# Problem to work on
Your answer should hold exactly the lines from the line containing "Jolly mannequins-female running" through the end of the entries that follow.

##### The data #####

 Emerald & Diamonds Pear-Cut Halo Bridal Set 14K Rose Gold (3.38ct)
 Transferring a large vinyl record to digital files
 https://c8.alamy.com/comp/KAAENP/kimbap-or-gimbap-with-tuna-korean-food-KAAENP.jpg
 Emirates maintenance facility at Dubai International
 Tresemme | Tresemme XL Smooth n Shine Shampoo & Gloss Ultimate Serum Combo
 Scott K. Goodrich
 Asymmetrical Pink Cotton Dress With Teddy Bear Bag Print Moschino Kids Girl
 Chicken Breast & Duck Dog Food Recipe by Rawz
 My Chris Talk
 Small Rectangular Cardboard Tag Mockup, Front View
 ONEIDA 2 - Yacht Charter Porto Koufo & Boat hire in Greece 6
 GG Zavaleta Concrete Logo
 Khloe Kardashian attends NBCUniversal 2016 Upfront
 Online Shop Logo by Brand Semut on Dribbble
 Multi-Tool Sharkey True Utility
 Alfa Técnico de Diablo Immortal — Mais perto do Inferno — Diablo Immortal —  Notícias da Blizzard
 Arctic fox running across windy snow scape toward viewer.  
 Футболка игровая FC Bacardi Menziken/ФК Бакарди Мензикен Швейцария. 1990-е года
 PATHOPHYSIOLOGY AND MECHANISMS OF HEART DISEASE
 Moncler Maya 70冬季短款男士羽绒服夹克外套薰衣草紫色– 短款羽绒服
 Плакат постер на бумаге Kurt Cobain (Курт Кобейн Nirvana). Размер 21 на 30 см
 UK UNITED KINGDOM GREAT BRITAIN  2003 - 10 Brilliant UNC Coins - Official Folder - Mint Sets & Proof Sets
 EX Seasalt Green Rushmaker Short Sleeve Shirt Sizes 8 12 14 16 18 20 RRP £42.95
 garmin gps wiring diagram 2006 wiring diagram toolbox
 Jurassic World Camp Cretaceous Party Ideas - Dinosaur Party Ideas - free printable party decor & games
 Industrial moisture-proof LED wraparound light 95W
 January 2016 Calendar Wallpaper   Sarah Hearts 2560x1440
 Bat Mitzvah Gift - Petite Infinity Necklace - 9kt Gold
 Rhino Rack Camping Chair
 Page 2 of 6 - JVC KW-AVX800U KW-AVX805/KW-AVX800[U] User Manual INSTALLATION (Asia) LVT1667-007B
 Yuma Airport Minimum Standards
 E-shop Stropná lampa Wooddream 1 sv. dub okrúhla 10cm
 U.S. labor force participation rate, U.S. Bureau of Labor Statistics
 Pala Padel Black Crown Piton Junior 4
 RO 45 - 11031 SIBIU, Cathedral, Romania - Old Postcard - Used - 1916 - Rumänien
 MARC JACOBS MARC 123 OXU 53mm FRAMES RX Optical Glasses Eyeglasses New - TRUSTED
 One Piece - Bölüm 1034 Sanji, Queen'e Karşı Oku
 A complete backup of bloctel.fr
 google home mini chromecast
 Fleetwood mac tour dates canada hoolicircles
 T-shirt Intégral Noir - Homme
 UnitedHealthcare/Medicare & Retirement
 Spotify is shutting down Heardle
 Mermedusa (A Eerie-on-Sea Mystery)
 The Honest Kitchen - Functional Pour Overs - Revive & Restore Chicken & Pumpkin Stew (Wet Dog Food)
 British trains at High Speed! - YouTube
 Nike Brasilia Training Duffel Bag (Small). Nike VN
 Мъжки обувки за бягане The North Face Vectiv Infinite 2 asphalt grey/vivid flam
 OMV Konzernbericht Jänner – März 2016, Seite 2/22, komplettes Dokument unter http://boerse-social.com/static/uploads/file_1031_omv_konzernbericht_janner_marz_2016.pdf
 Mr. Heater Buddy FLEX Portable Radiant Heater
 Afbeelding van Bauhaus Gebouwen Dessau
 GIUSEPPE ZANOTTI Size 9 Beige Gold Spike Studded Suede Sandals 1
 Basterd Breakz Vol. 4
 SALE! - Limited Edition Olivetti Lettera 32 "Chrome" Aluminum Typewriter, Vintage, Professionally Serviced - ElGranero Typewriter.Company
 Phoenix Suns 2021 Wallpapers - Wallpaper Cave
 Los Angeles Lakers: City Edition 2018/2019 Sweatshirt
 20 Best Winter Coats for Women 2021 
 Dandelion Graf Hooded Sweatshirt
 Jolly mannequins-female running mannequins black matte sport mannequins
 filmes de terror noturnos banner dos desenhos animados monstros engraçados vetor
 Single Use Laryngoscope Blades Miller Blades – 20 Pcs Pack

#####

# Response
 Jolly mannequins-female running mannequins black matte sport mannequins
 filmes de terror noturnos banner dos desenhos animados monstros engraçados vetor
 Single Use Laryngoscope Blades Miller Blades – 20 Pcs Pack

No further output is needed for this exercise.